Nora continued, “So you know that if someone that knows both you and Luke sees you with another man, there will be questions.”

I swallowed, my mouth suddenly dry. “I know.”

“And the questions will lead to talking, the talking will lead to reporting . . .” Nora said.

“But Luke and I don’t know any of the same people,” I pointed out. I told her to recall Chili’s, and how unlikely it was that our circles would intersect.

Nora shrugged. “Someone’s always watching. Haven’t you seen House of Cards?”

I let out a laugh, half because it was funny, half because she was making me nervous.

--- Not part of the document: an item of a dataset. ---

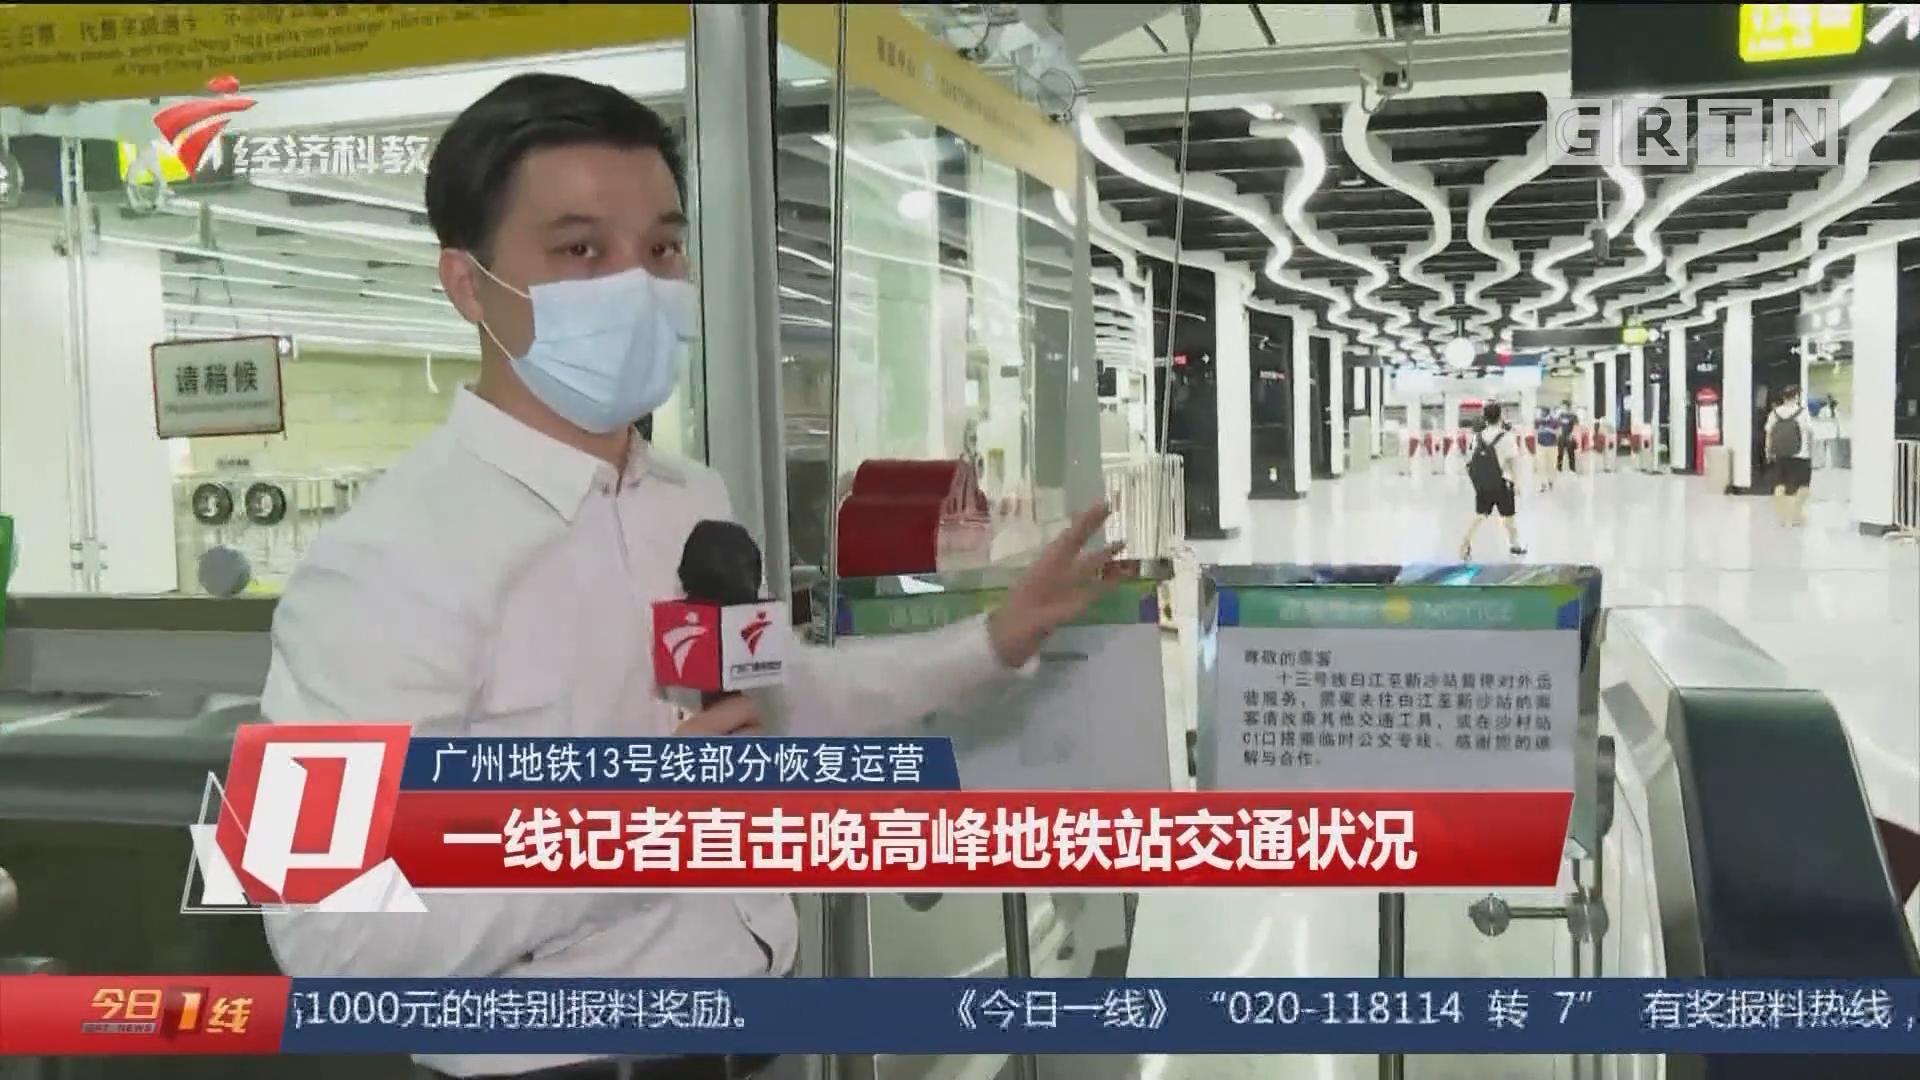 廣州地鐵13號線部分恢復運營 一線記者直擊晚高峰地鐵站交通狀況

I did not want to feel nervous. I wanted to lie on a blanket in Pease Park and listen to Toby drawl along to Val Kilmer and Kurt Russell in his raspy, Arkansas way.

“I see what you’re saying,” I said to Nora, nodding, trying to clench my brows to look serious. “I will definitely be careful.”

I felt my pocket vibrate. Probably Toby, waiting out in the truck. We had to stop at the liquor store before we got there. And everything seemed to take twice as long with him. We were always laughing or teasing or forgetting why we came to the store in the first place. I started to take a few steps toward the door.

Nora followed.

“You’re going to the park anyway, huh,” Nora muttered next to me as we ascended the stairs.

“Yeah.” I sighed. She could read me like a book. “I’m just having fun.”

“Oh, Cassie,” she said, a note of resignation in her voice. She patted my back. “Don’t let anyone ever tell you you’re afraid of fire.”

Luke

Skype had gotten a lot easier. I was telling Cassie a funny story Hailey had written me about JJ, how he had taken his stuffed turtle named Franklin to preschool and got in trouble for taking off the toy shell and telling everyone in his class that Franklin was “naked.” Cassie insisted that he shouldn’t have gotten in trouble for that, that he was just stating a fact.

“It’s a Presbyterian preschool in Buda, Texas,” I told her as I sewed up a hole in one of my socks. “And he didn’t really get in trouble. The teacher just told Jake and Hailey, that’s all.”

“Still. That shouldn’t even be a thing.”

Around Thanksgiving, after I’d sent three letters with no response, Hailey had finally started writing back to me. I got the first one last week: She’d said Jake knew that she was writing, that he appreciated it but wasn’t ready to respond, but she’d like to keep in touch, make sure that they knew I was safe, at least.